Wolf began his teaching career at the University of Missouri in 1934, remaining there until 1943, when he took a position at the University of Minnesota. In 1966 he moved to the University of Illinois, Chicago Circle, retiring in 1974 as professor emeritus.
Wolf died of leukemia on April 22, 1996 while living in a retirement community located near Syracuse. Writing his obituary (AHA Perspectives Dec. 1996), two of his students, Joseph Klaits and John T. O'Connor, recalled "his wit, passion for history, and zest for life" that stimulated his classes.

==Work==
Wolf published a number of important books, including France, 1815 to the Present (1940), The Emergence of the Great Powers (1685–1715) (1951), Toward a European Balance of Power (1640–1720) (1969).
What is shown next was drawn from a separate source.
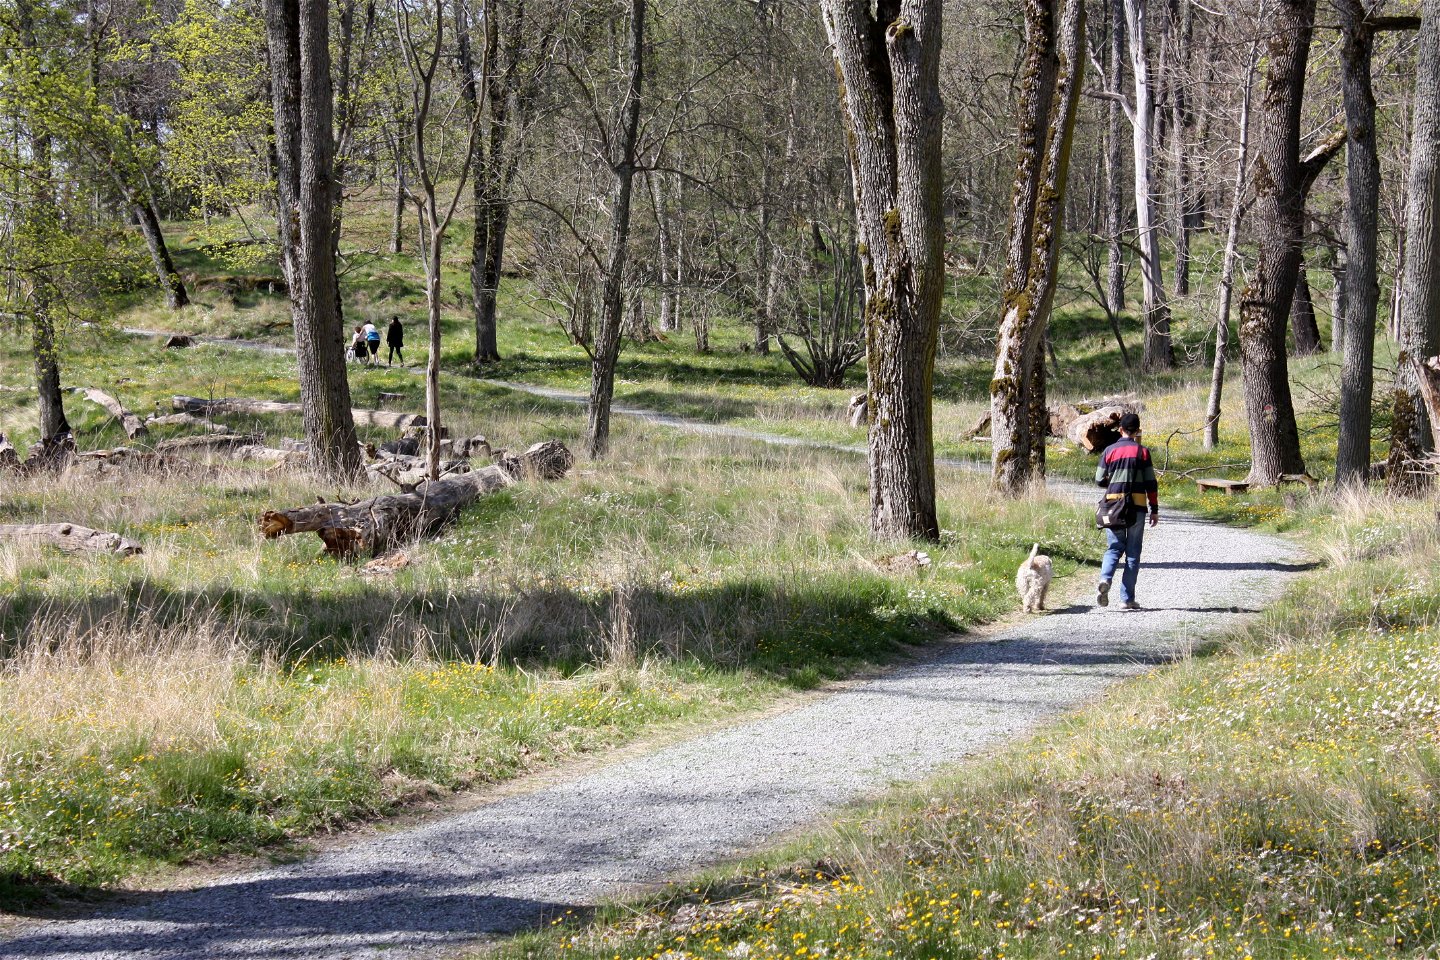 Flera personer går på en grusad stig genom en skog. Bredvid en av personerna går en hund.

His most important study was the major biography, Louis XIV (1968).

In retirement Wolf published The Barbary Coast: Algiers under the Turks, 1500-1730 (1979), which was translated into Arabic. He was twice a fellow of the John Simon Guggenheim Memorial Foundation, first in Paris (1959–60), then in Madrid (1967–68). For his work in French history, Wolf was decorated as a Chevalier des Palmes Académiques by the French government in 1979. He was also president of the Society for French Historical Studies (1968–69).